I claim that $X\rtimes_\phi Y \cong X\rtimes_\psi Y$. Indeed, (abusing notation slightly) $X\rtimes_\phi Y$ and $X\rtimes_\psi Y$ are generated by $x$ and $y$, so to specify a homomorphism, I just need to tell you where $x$ and $y$ go, and then check that the map I've written down indeed defines a homomorphism. I claim that the map $x \mapsto x$, $y \mapsto y^{-1}$ is such a homomorphism and moreover that it is an isomorphism. I'll leave it to you to check this.
So if the answer has to be "sometimes" and not "never," maybe we should reconsider what should be true based on this example. Aut$(X)$ is generated by $x \mapsto x^3$. There is an automorphism of Aut$(X)$ that sends the automorphism $x \mapsto x^3$ to the automorphism $x \mapsto x^5$. Under this automorphism of Aut$(X)$, $\phi$ is mapped to $\psi$.
So some questions to investigate: if we have $\phi$ and $\psi$ in Aut$(X)$, will it be the case that $X\rtimes_\phi Y\cong X\rtimes_\psi Y$ whenever there is some automorphism $f\colon$ Aut$(X) \to $ Aut$(X)$ such that $f(\phi) = \psi$? Is this the only condition?
Best Answer
Suppose $G$ is a $p$-group and $H$ is a $q$-group for different primes $p,q$.
Then $G$ is a characteristic subgroup of $G \rtimes H$ and $H$ is specified up to conjugacy as a Sylow $q$-subgroup.
In particular, for any two semi-direct products $X_i = G \rtimes_{\phi_i} H$ and any isomorphism $f:X_1 \to X_2$ we are guaranteed that $f(G)=G$ and $f(H)$ is $X_2$-conjugate to $H$. In other words, there is an inner automorphism $\nu$ of $X_2$ such that the composition $X_1 \xrightarrow{f} X_2 \xrightarrow{\nu} X_2 = X_1 \xrightarrow{\bar f} X_2$ has the property that $\bar f(G) = G$ and $\bar f(H) = H$.
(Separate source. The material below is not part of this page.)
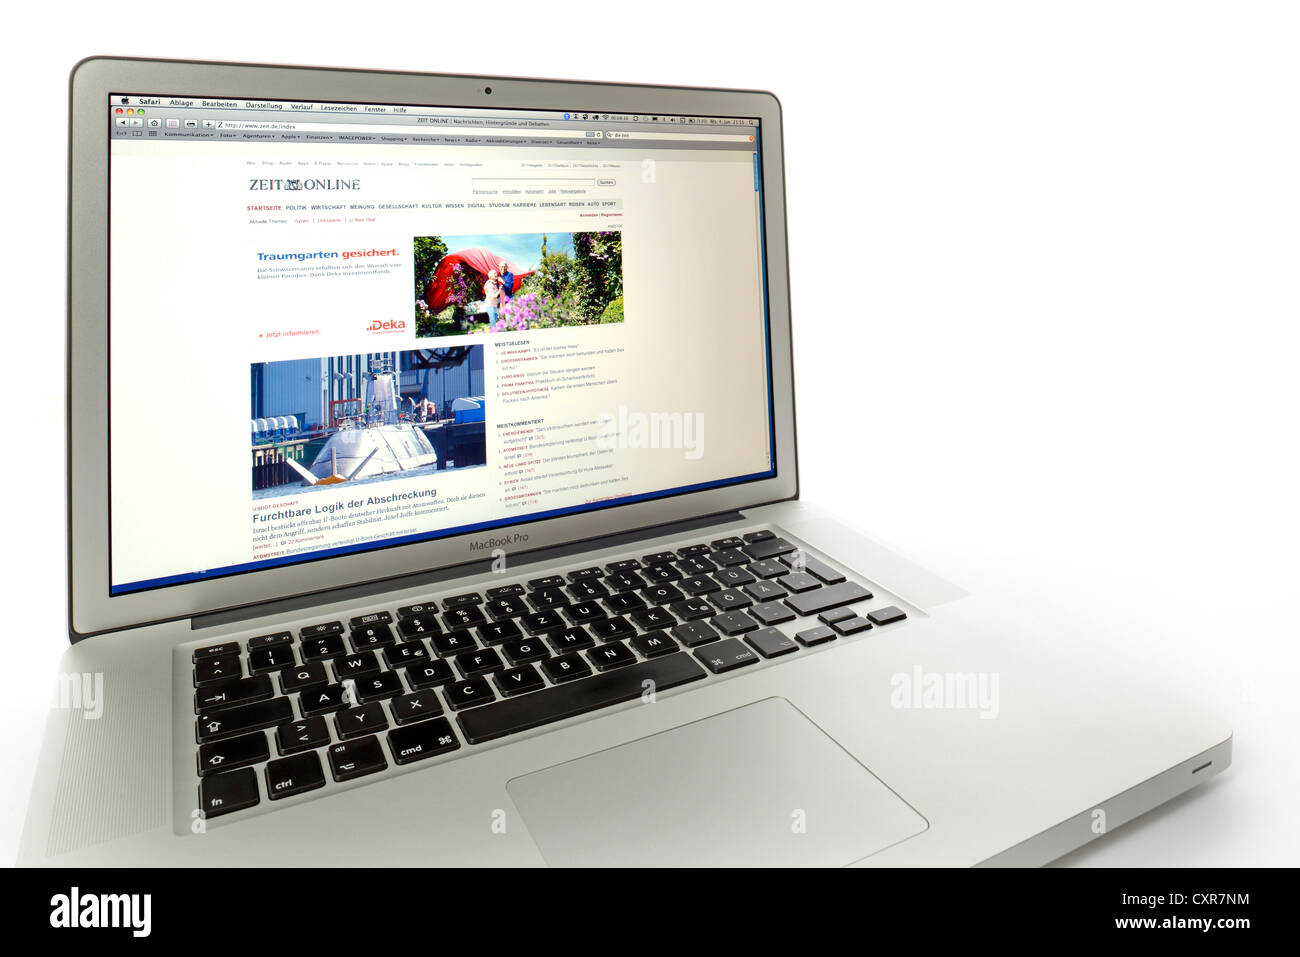 Die Zeit online, newspaper website displayed on the screen of an Apple MacBook Pro Stock Photo

Consider the centralizer $C_i = C_H(G)$ inside the two groups $X_i$. $$\begin{array}{rl} C_i &= \{ (1,h) : (1,h)\cdot_i (g,1) = (g,1) \cdot_i (1,h) \forall g \in G \} \\ &= \{ (1,h) : (\phi_i(h)(g),h) = (g,h) \forall g \in G \} \\ &= \{ (1,h) : \phi_i(h)(g) = g \forall g \in G \} \\ &= \{ (1,h) : \phi_i(h) = 1 \} \\ &= \{ (1,h) : h \in \ker(\phi_i) \} \\ \end{array} $$
In other words, $C_i$ is the kernel of $\phi_i$. Now $\ker(\phi_1) \neq \ker(\phi_2)$ is not particular relevant. What we care about is whether $\bar f(C_1) = C_2$ (which it must, if $f$ really is an isomorphism). However, $\bar f$ restricted to $H$ is easily seen to be an automorphism of $H$, so what matters is whether there is an automorphism of $H$ that takes $\ker(\phi_1)$ to $\ker(\phi_2)$. If there is not, then there can be no $\bar f$.
On page 187 of Dummit–Foote, exercise 7c, all of these properties are satisfied.
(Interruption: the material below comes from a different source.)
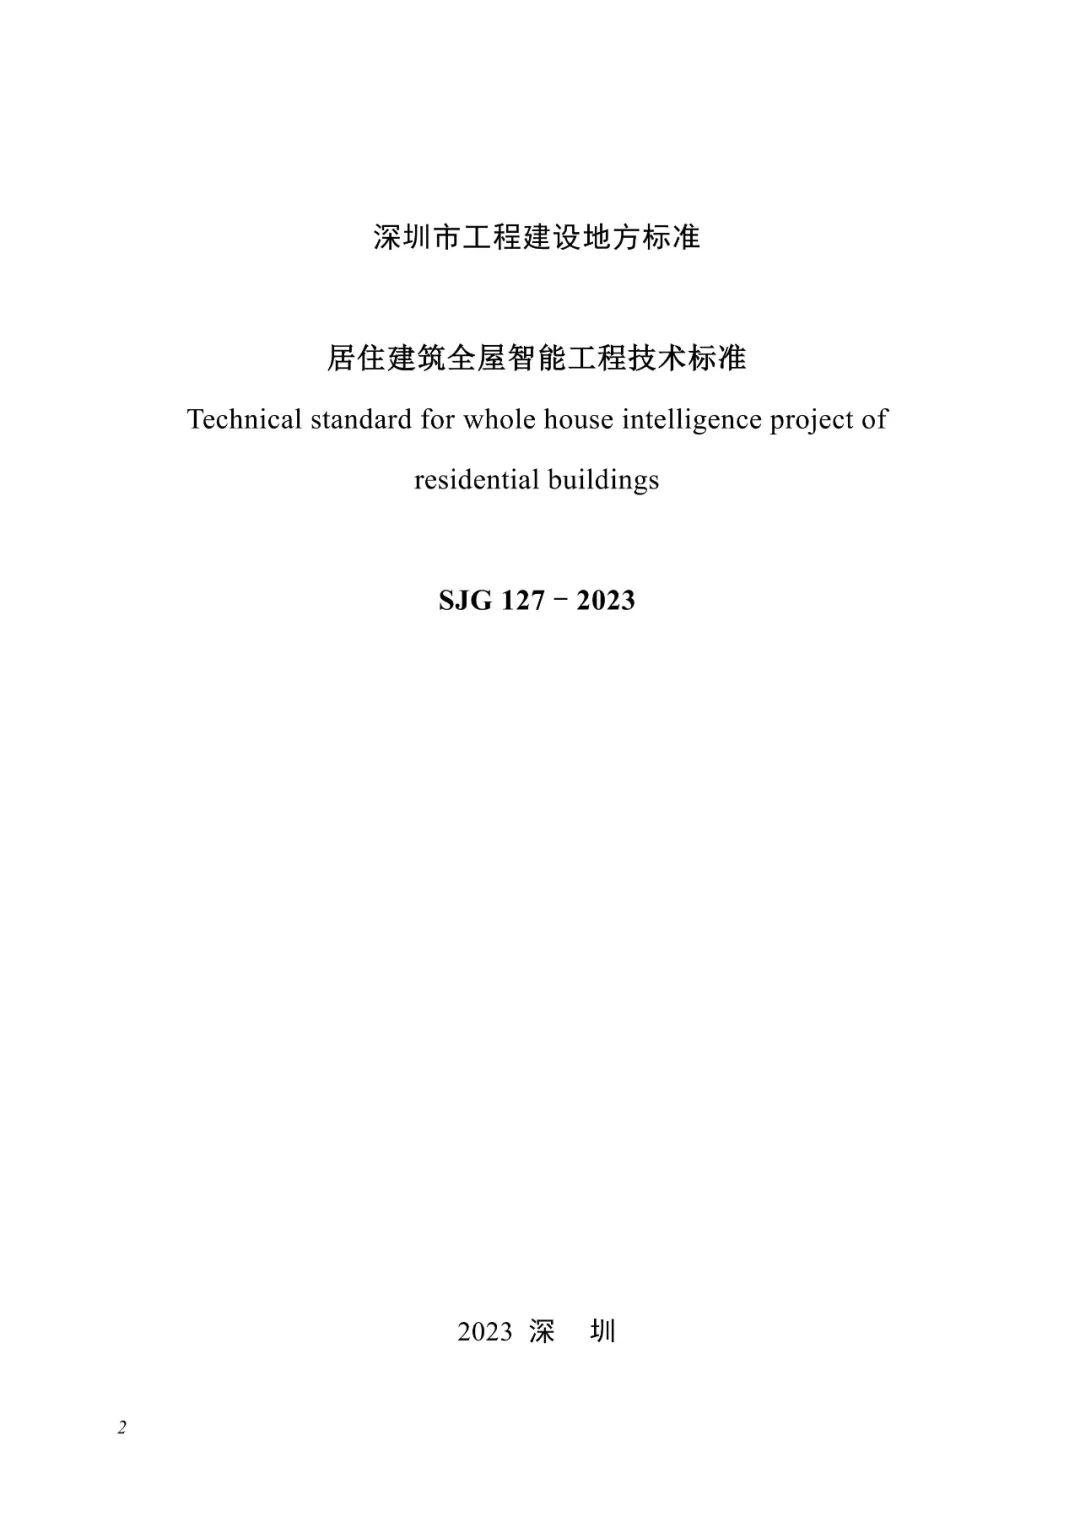 深圳市住建局关于发布《居住建筑全屋智能工程技术标准》的通知

Technical conditions: We needed $G$ characteristic in $X_i$ and $H^1(H,G)=0$. If $G$ is a Hall $\pi$-subgroup of $X$ (for instance a Sylow), then Schur–Zassenhaus guarantees the relevant properties are satisfied. If $G$ is abelian, then we don't need the cohomology condition, just the characteristic.
Counterexample
Without the technical conditions we can have counterexamples. For example let $G=H$ be nonabelian of order 6. Let $\phi_1(h)(g) = g$ and $\phi_2(h)(g) = hgh^{-1}$. Then $\ker(\phi_1) = H$ and $\ker(\phi_2) = 1$ but $X_1 \cong X_2$. In this case $G$ is not characteristic, but we can achieve the isomorphism with an $f$ such that $f(G)=G$. In this case however, there is no $\bar f$ with $\bar f(G) = G$ and $\bar f(H) = H$.
In particular, we have non-isomorphic kernels with isomorphic semi-direct products.